Donny the images you posted are exactly what I would expect to see of a 200-300mm depth of field at around F8.
Hyper focus and wide depth of field at 300mm and F8 just don't make sense. Even at 200mm depending on distance to subject you'll get a narrow depth of field. I think you may need to read up of depth of field calculations.
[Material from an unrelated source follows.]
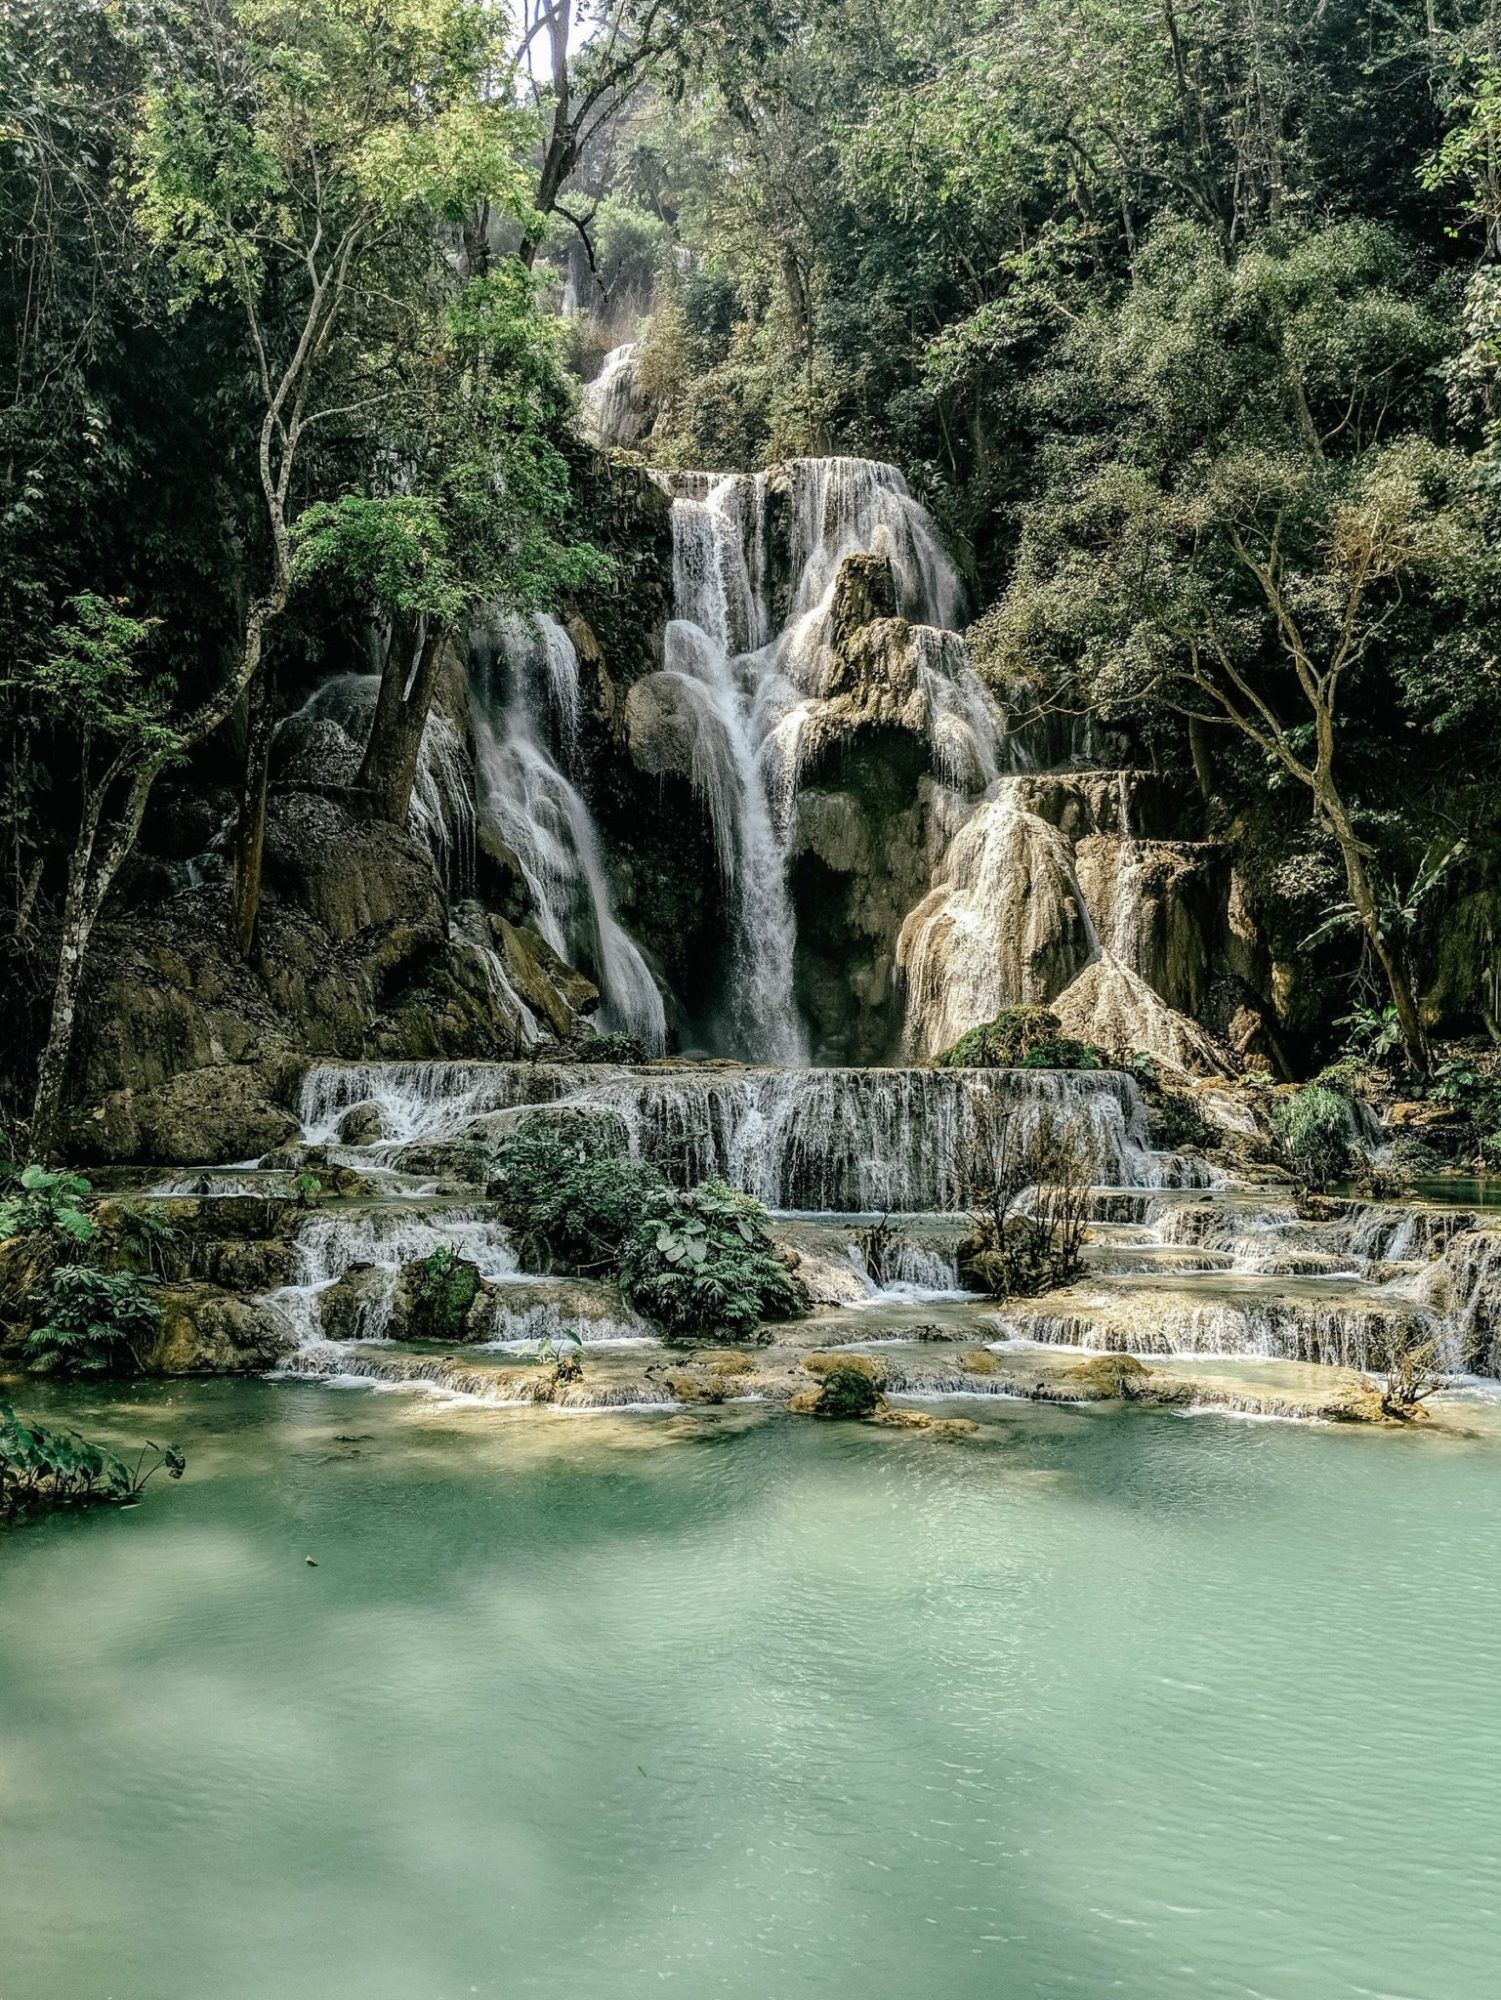 The amazingly magnificent Kuang Si Falls in Laos
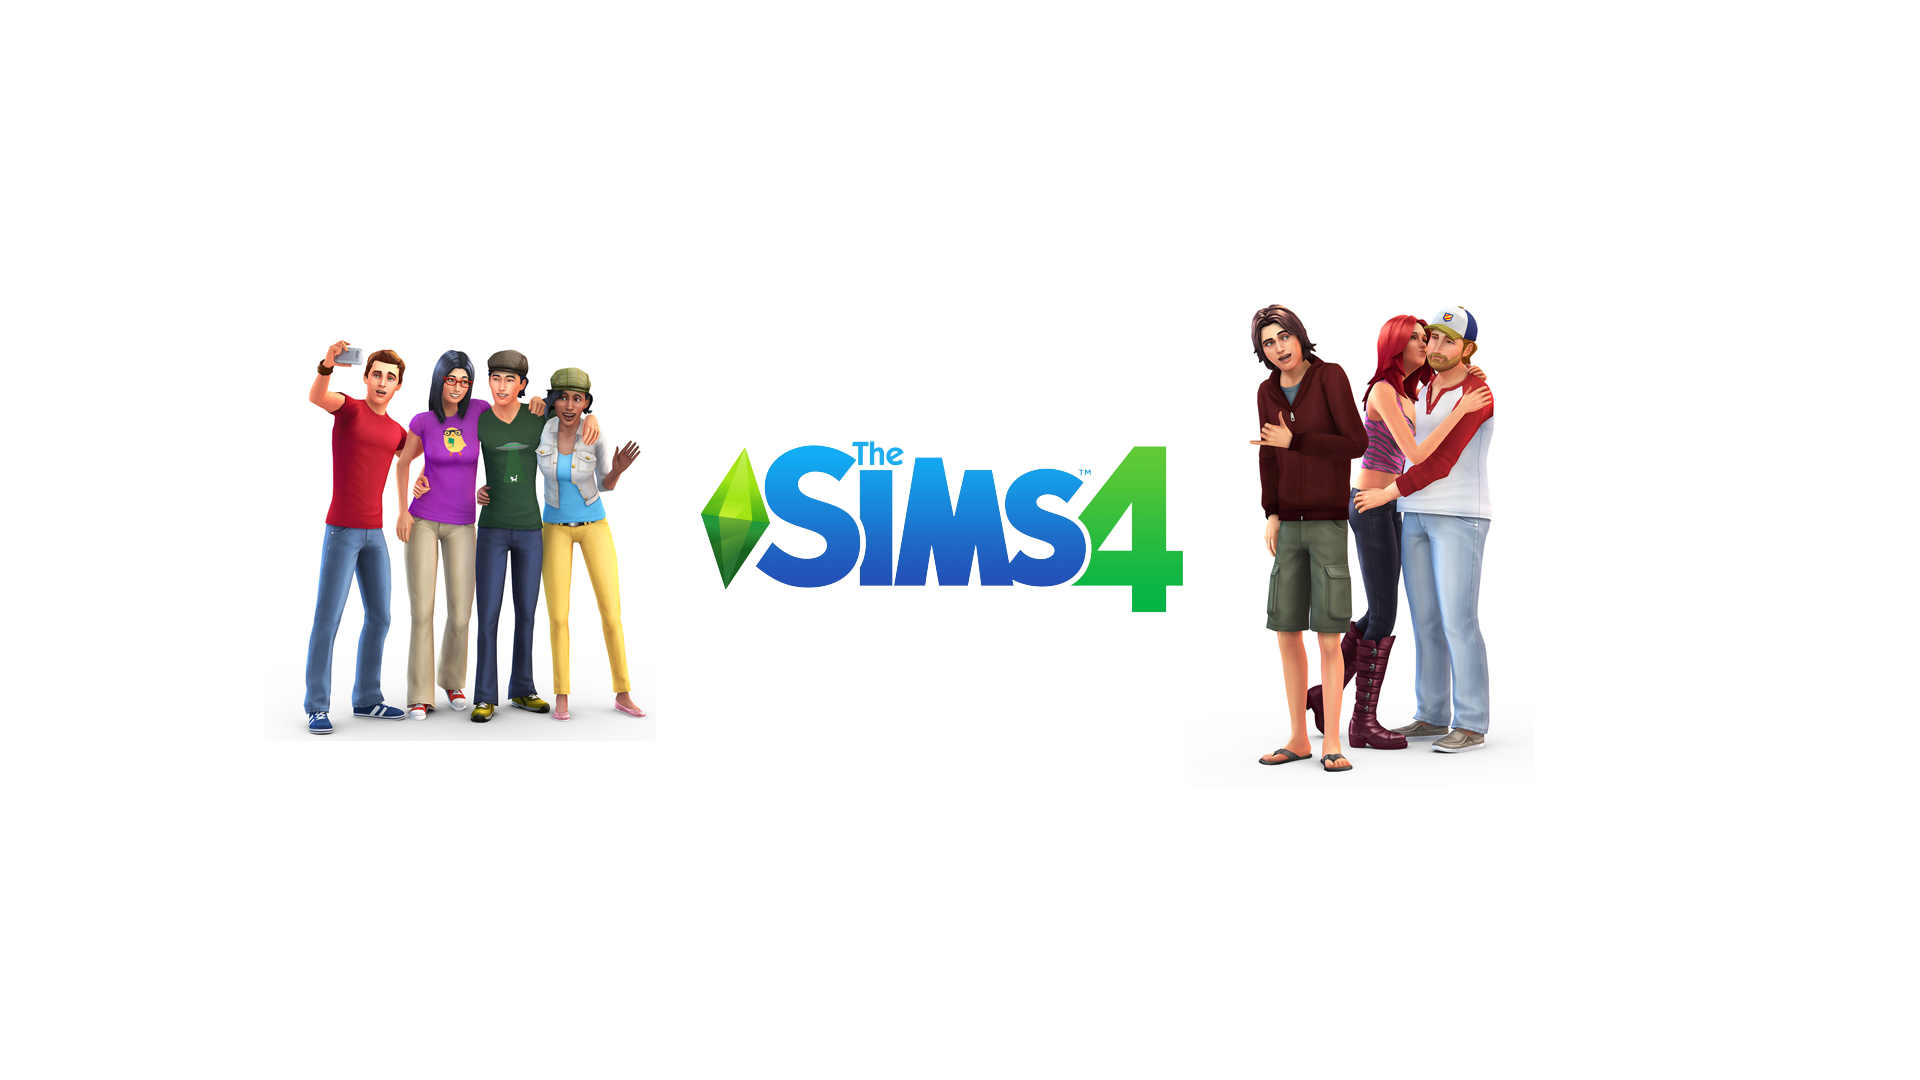 The Sims Wallpaper

jessecrowdenphoto, he wasn't talking about the sharpness of the lens but more the depth of field.


----------



## SquarePeg (Oct 11, 2017)

I used to own this lens and never had any issues with it being soft as long as I nailed the focus point and dof that I wanted.  When I got it I did have to calibrate the lens with my 7100 to get it super sharp.


----------



## jaomul (Oct 11, 2017)

When you focus on something close the depth of field is generally tiny, maybe even just a few millimetres


----------



## jessecrowdenphotography (Oct 11, 2017)

zombiesniper said:


> Donny the images you posted are exactly what I would expect to see of a 200-300mm depth of field at around F8.
> Hyper focus and wide depth of field at 300mm and F8 just don't make sense. Even at 200mm depending on distance to subject you'll get a narrow depth of field. I think you may need to read up of depth of field calculations.
> 
> jessecrowdenphoto, he wasn't talking about the sharpness of the lens but more the depth of field.


Ah my bad, I must have misread it.  It was near 2 am when i was looking at the forum.  Thank You for letting me know


----------